URL treated as local file for read_feather #29055

mccarthyryanc · 2019-10-17T16:02:49Z

Not sure if this is a pandas issue or pyarrow, but when I try to read from a URL:

import pandas as pd
pd.read_feather("https://github.com/wesm/feather/raw/master/R/inst/feather/iris.feather")

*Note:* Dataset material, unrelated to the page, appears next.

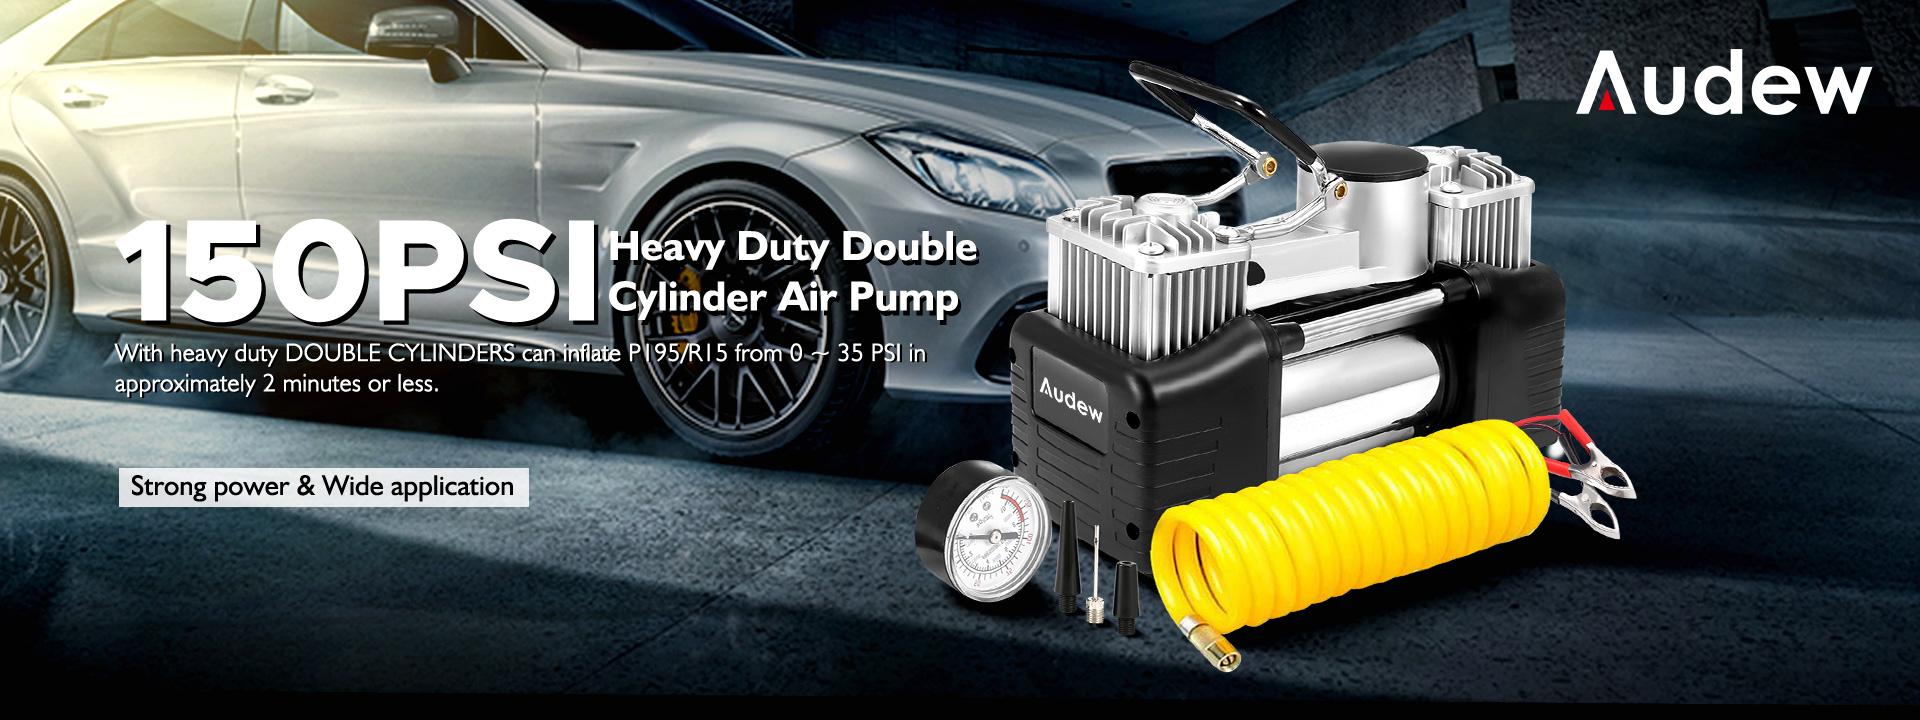 AUDEW 150PSI Heavy Duty Double Cylinder Air Pump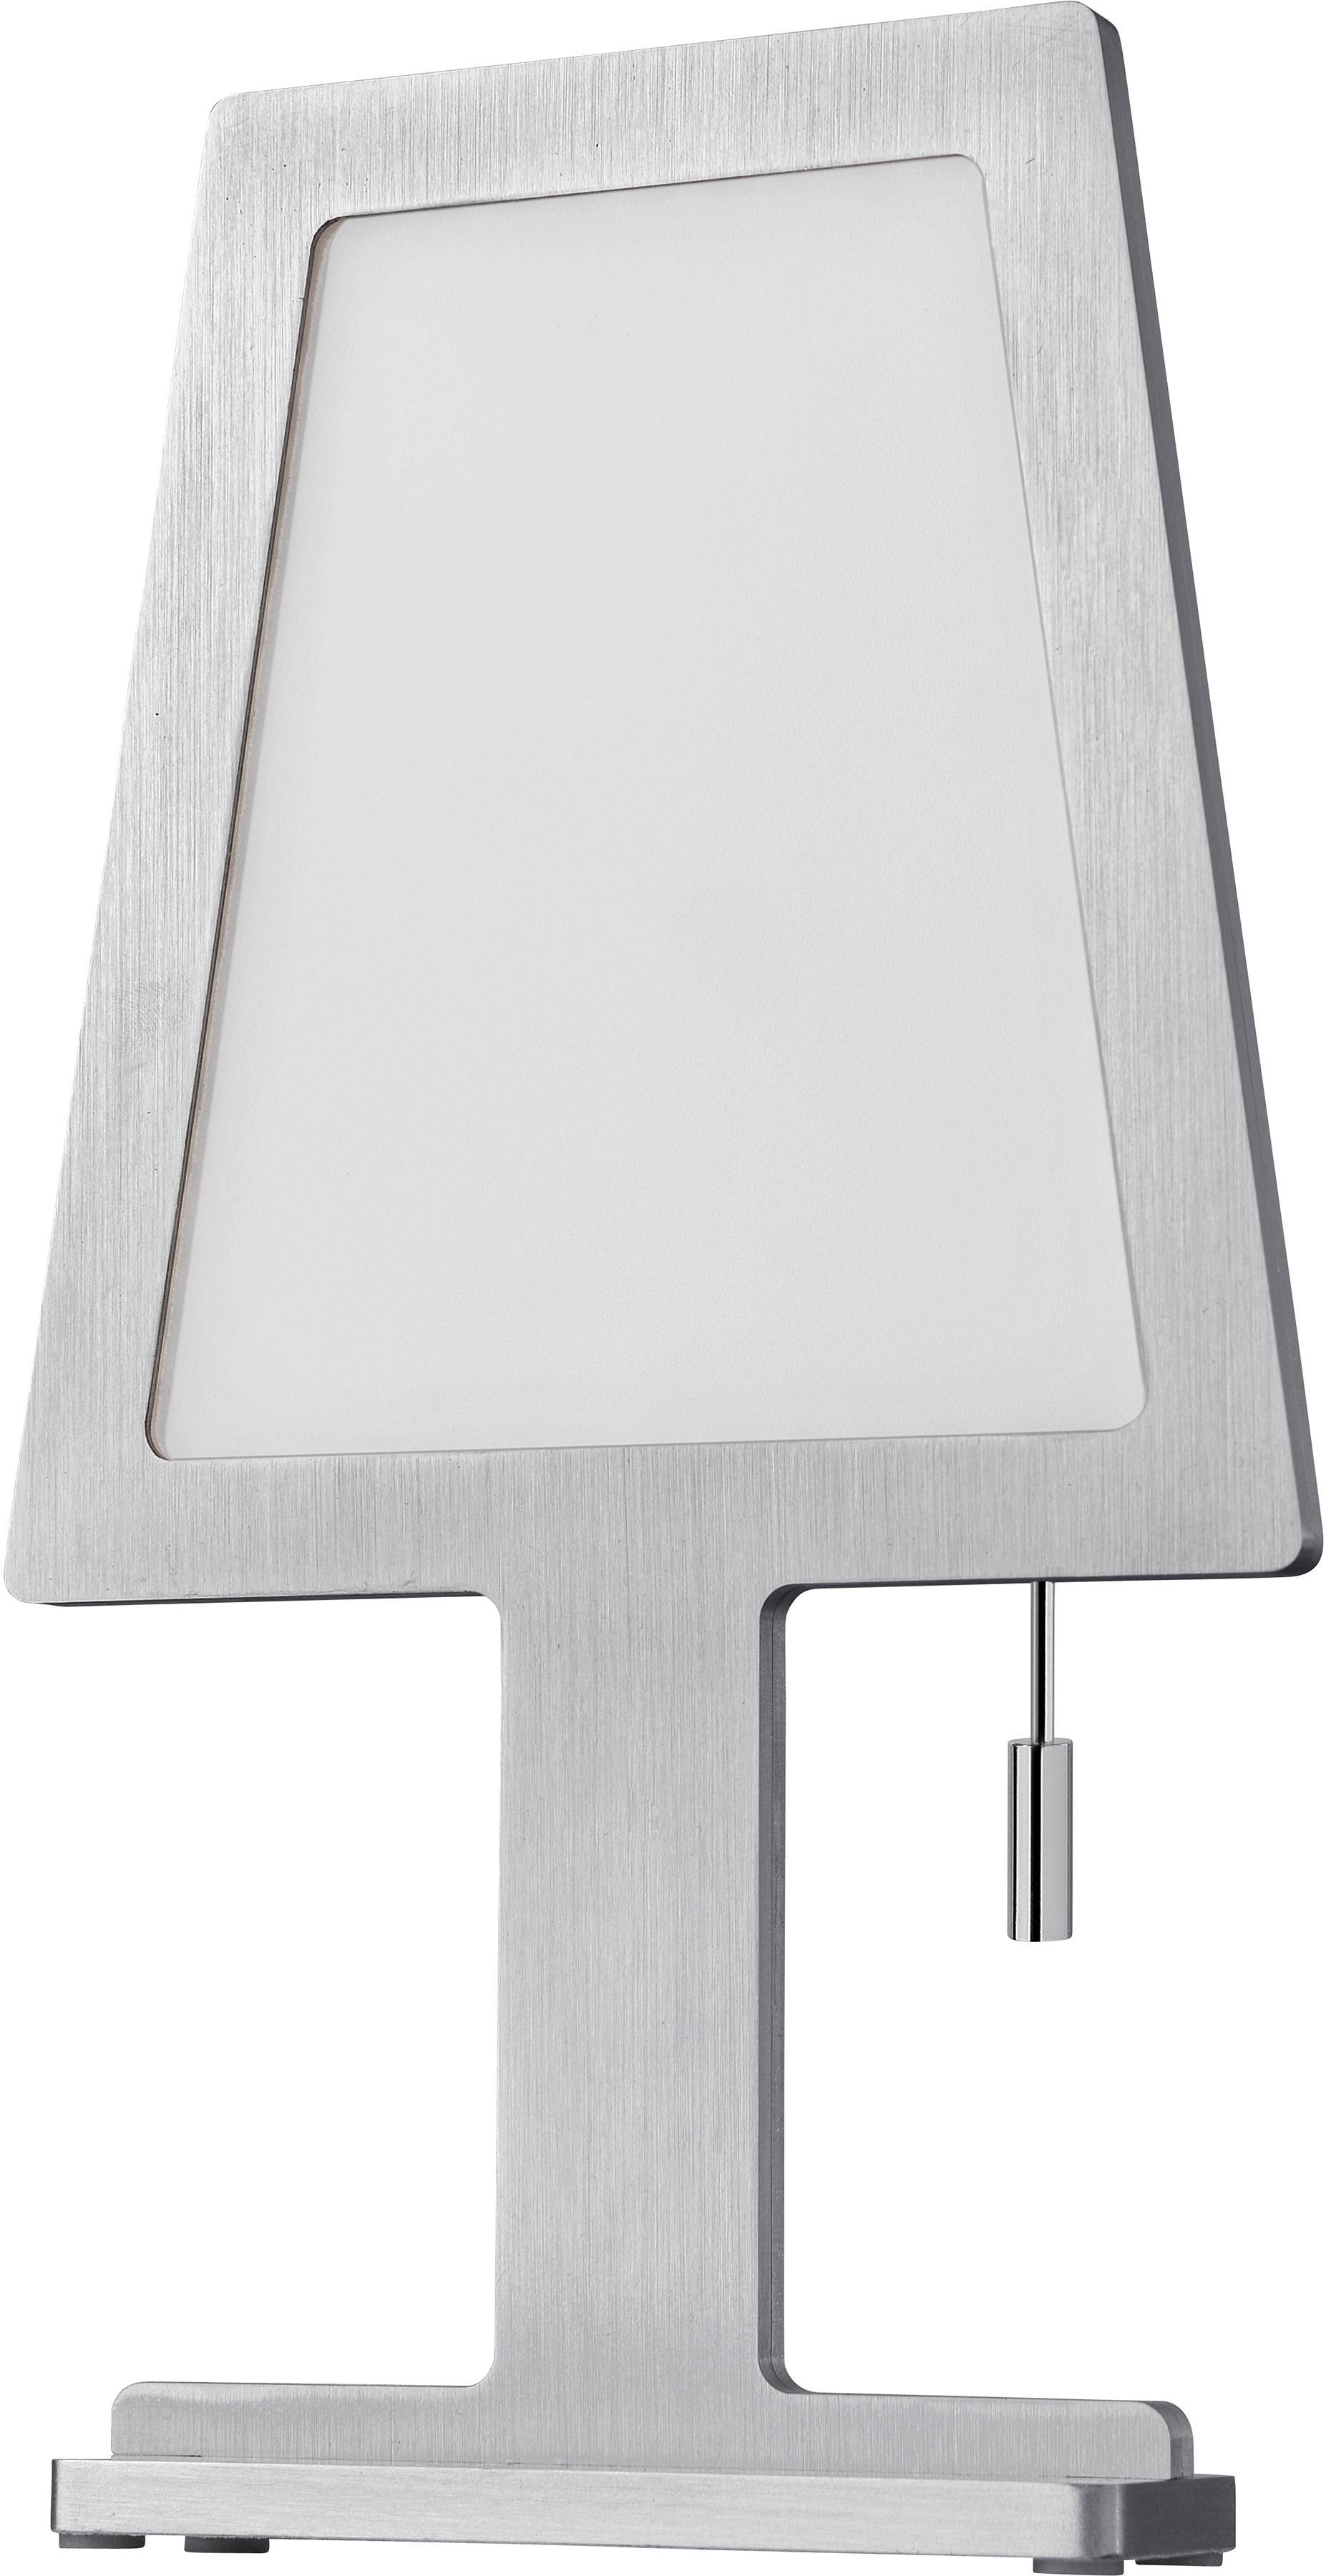 SOMPEX LED Tischleuchte Steve, LED-Board, Warmweiß

I get the following error:

Traceback (most recent call last):
  File "<string>", line 1, in <module>
  File "/home/ubuntu/miniconda3/envs/pandas/lib/python3.7/site-packages/pandas/util/_decorators.py", line 208, in wrapper
    return func(*args, **kwargs)
  File "/home/ubuntu/miniconda3/envs/pandas/lib/python3.7/site-packages/pandas/io/feather_format.py", line 119, in read_feather
    return feather.read_feather(path, columns=columns, use_threads=bool(use_threads))
  File "/home/ubuntu/miniconda3/envs/pandas/lib/python3.7/site-packages/pyarrow/feather.py", line 214, in read_feather
    reader = FeatherReader(source)
  File "/home/ubuntu/miniconda3/envs/pandas/lib/python3.7/site-packages/pyarrow/feather.py", line 40, in __init__
    self.open(source)
  File "pyarrow/error.pxi", line 80, in pyarrow.lib.check_status
  File "pyarrow/io.pxi", line 1406, in pyarrow.lib.get_reader
  File "pyarrow/io.pxi", line 1395, in pyarrow.lib._get_native_file
  File "pyarrow/io.pxi", line 788, in pyarrow.lib.memory_map
  File "pyarrow/io.pxi", line 751, in pyarrow.lib.MemoryMappedFile._open
  File "pyarrow/error.pxi", line 80, in pyarrow.lib.check_status
pyarrow.lib.ArrowIOError: Failed to open local file 'https://github.com/wesm/feather/raw/master/R/inst/feather/iris.feather', error: No such file or directory

Output of `pd.show_versions()`

INSTALLED VERSIONS
------------------
commit           : None
python           : 3.7.4.final.0
python-bits      : 64
OS               : Linux
OS-release       : 4.15.0-64-generic
machine          : x86_64
processor        : x86_64
byteorder        : little
LC_ALL           : None
LANG             : en_US.UTF-8
LOCALE           : en_US.UTF-8

pandas           : 0.25.1
numpy            : 1.17.3
pytz             : 2019.3
dateutil         : 2.8.0
pip              : 19.2.3
setuptools       : 41.4.0
Cython           : None
pytest           : None
hypothesis       : None
sphinx           : None
blosc            : None
feather          : 0.4.0
xlsxwriter       : None
lxml.etree       : None
html5lib         : None
pymysql          : None
psycopg2         : None
jinja2           : None
IPython          : None
pandas_datareader: None
bs4              : None
bottleneck       : None
fastparquet      : None
gcsfs            : None
lxml.etree       : None
matplotlib       : None
numexpr          : None
odfpy            : None
openpyxl         : None
pandas_gbq       : None
pyarrow          : 0.15.0
pytables         : None
s3fs             : None
scipy            : None
sqlalchemy       : None
tables           : None
xarray           : None
xlrd             : None
xlwt             : None
xlsxwriter       : None

The text was updated successfully, but these errors were encountered:

TomAugspurger · 2019-10-17T16:15:32Z

Does this work using arrow directly?

…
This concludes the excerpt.